# Middle TN Members?



## Slow Drone (Apr 19, 2014)

I'm an hour or so away in Dickson County if no one closer responds pm me and I'll give you my contact information.


----------



## Fleetwood271 (Mar 29, 2016)

Slow Drone said:


> I'm an hour or so away in Dickson County if no one closer responds pm me and I'll give you my contact information.


Thanks Slow Drone!


----------



## Kamon A. Reynolds (Apr 15, 2012)

I'm in Jackson county. Not to far off


----------



## johnwratcliff (Feb 24, 2015)

Fleet,
Ok in Hendersonville


----------



## indypartridge (Nov 18, 2004)

Hello and Welcome!

Are any of these clubs near you?
http://www.tnbeekeepers.org/bee-clubs/

Clubs are great places to find mentors and get connected to nearby beekeepers.


----------



## TalonRedding (Jul 19, 2013)

Right across the county line in Pleasant Shade.


----------



## LeifLiberty (Sep 23, 2014)

Hendersonville area.


----------



## Fleetwood271 (Mar 29, 2016)

Thanks!


Tennessee's Bees LLC said:


> I'm in Jackson county.

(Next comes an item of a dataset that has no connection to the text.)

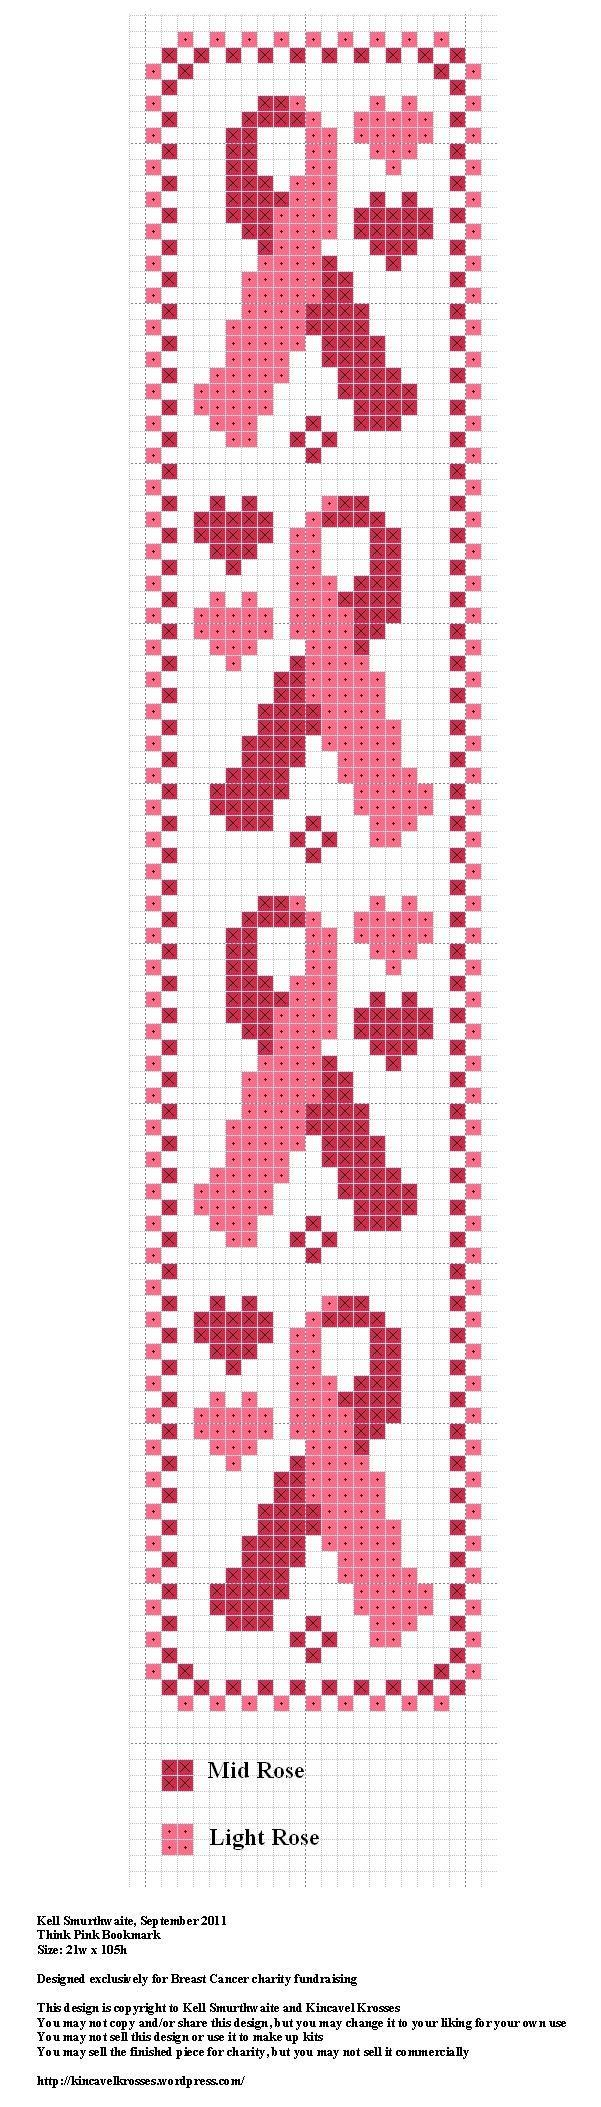 Think Pink Bookmark, designed by @Kell Smurthwaite, from Kincavel Krosses.
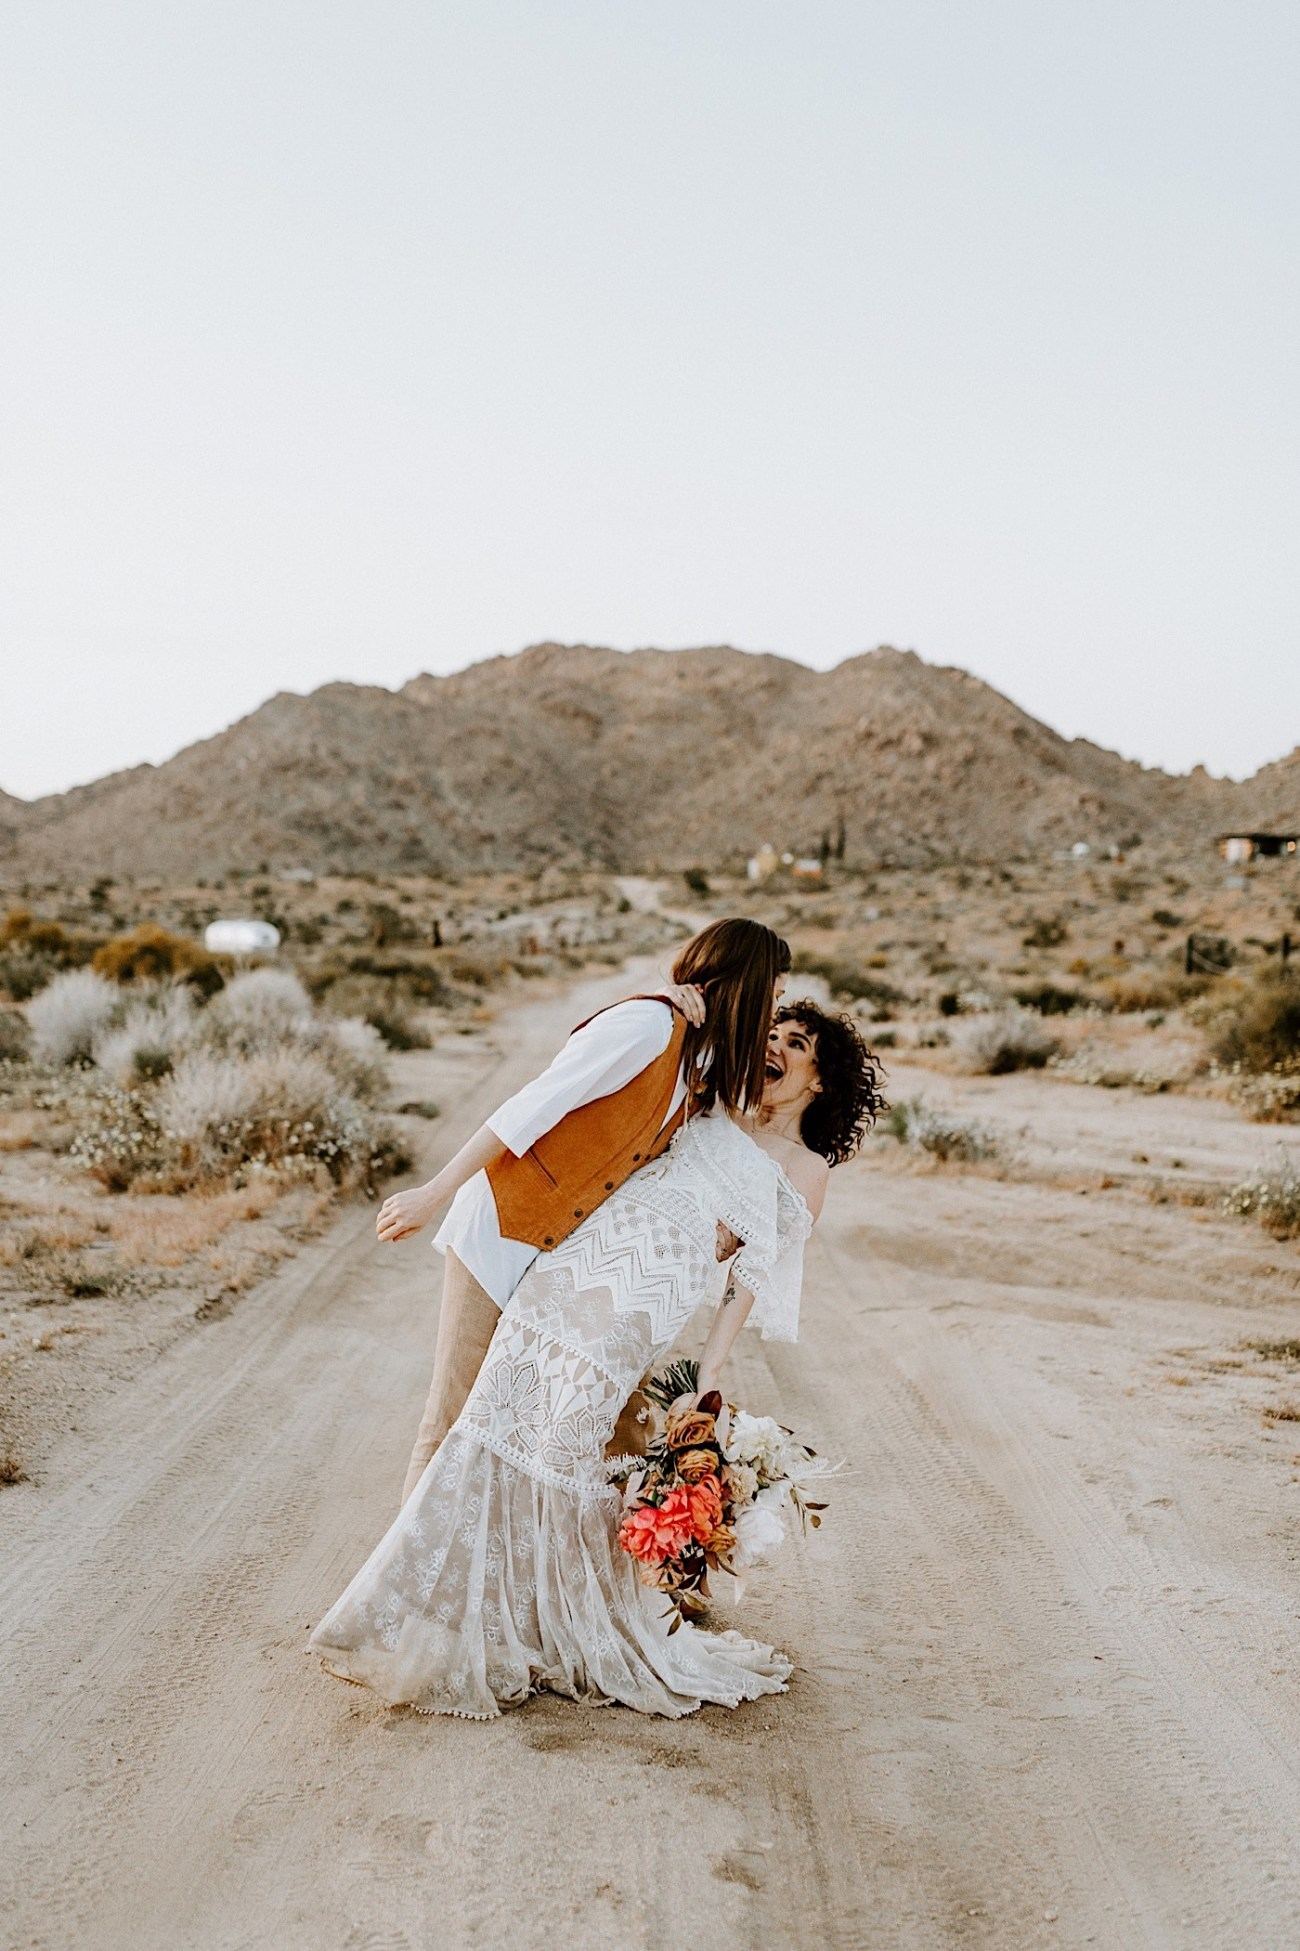 Wedding in Joshua Tree, Joshua Tree Wedding Photographer, Palm Springs Wedding Photographer

Not to far off


----------



## Fleetwood271 (Mar 29, 2016)

Thanks! 


johnwratcliff said:


> Fleet,
> Ok in Hendersonville


----------



## Fleetwood271 (Mar 29, 2016)

LeifLiberty said:


> Hendersonville area.


Thanks!


----------



## Fleetwood271 (Mar 29, 2016)

TalonRedding said:


> Right across the county line in Pleasant Shade.


Thanks!


----------



## Fleetwood271 (Mar 29, 2016)

Looks like there is one in Gallatin and Lebanon. Thanks!


indypartridge said:


> Hello and Welcome!
> 
> Are any of these clubs near you?
> http://www.tnbeekeepers.org/bee-clubs/
> ...


----------



## AmericasBeekeeper (Jan 24, 2010)

Welcome 271!


----------



## David LaFerney (Jan 14, 2009)

I'm just north of Cookeville and I host an open apiary session more or less every Saturday morning during the spring. You're welcome to come.


----------



## Fleetwood271 (Mar 29, 2016)

Sounds Great. I just saw this. I wish I had seen it last night, and I would have been there this morning. My work is working all day and I have nothing to do. Hope to see you in a week or so.


David LaFerney said:


> I'm just north of Cookeville and I host an open apiary session more or less every Saturday morning during the spring. You're welcome to come.


----------



## birdie (Feb 11, 2013)

I'm in Watertown, you welcome to come to the Wilson County Bee Keepers Association meetings, https://wilsoncountybeekeepers.org/ . It's a great group and all meetings except for June and December(Picnic and Christmas Dinner) are open to the public. Meetings are normally the first Monday of the month, we meet at the Wilson County Fair grounds, due to construction you have to enter on Tennessee Blvd instead of the front entrance. Here is the link to the calendar of upcoming events, https://wilsoncountybeekeepers.org/calendar .


----------



## Fleetwood271 (Mar 29, 2016)

Thanks Birdie!!



birdie said:


> I'm in Watertown, you welcome to come to the Wilson County Bee Keepers Association meetings, https://wilsoncountybeekeepers.org/ . It's a great group and all meetings except for June and December(Picnic and Christmas Dinner) are open to the public. Meetings are normally the first Monday of the month, we meet at the Wilson County Fair grounds, due to construction you have to enter on Tennessee Blvd instead of the front entrance. Here is the link to the calendar of upcoming events, https://wilsoncountybeekeepers.org/calendar .


----------



## PepperBeeMan (Apr 27, 2016)

Murfreesboro, TN here!


----------



## Fleetwood271 (Mar 29, 2016)

Thanks!



AmericasBeekeeper said:


> Welcome 271!


----------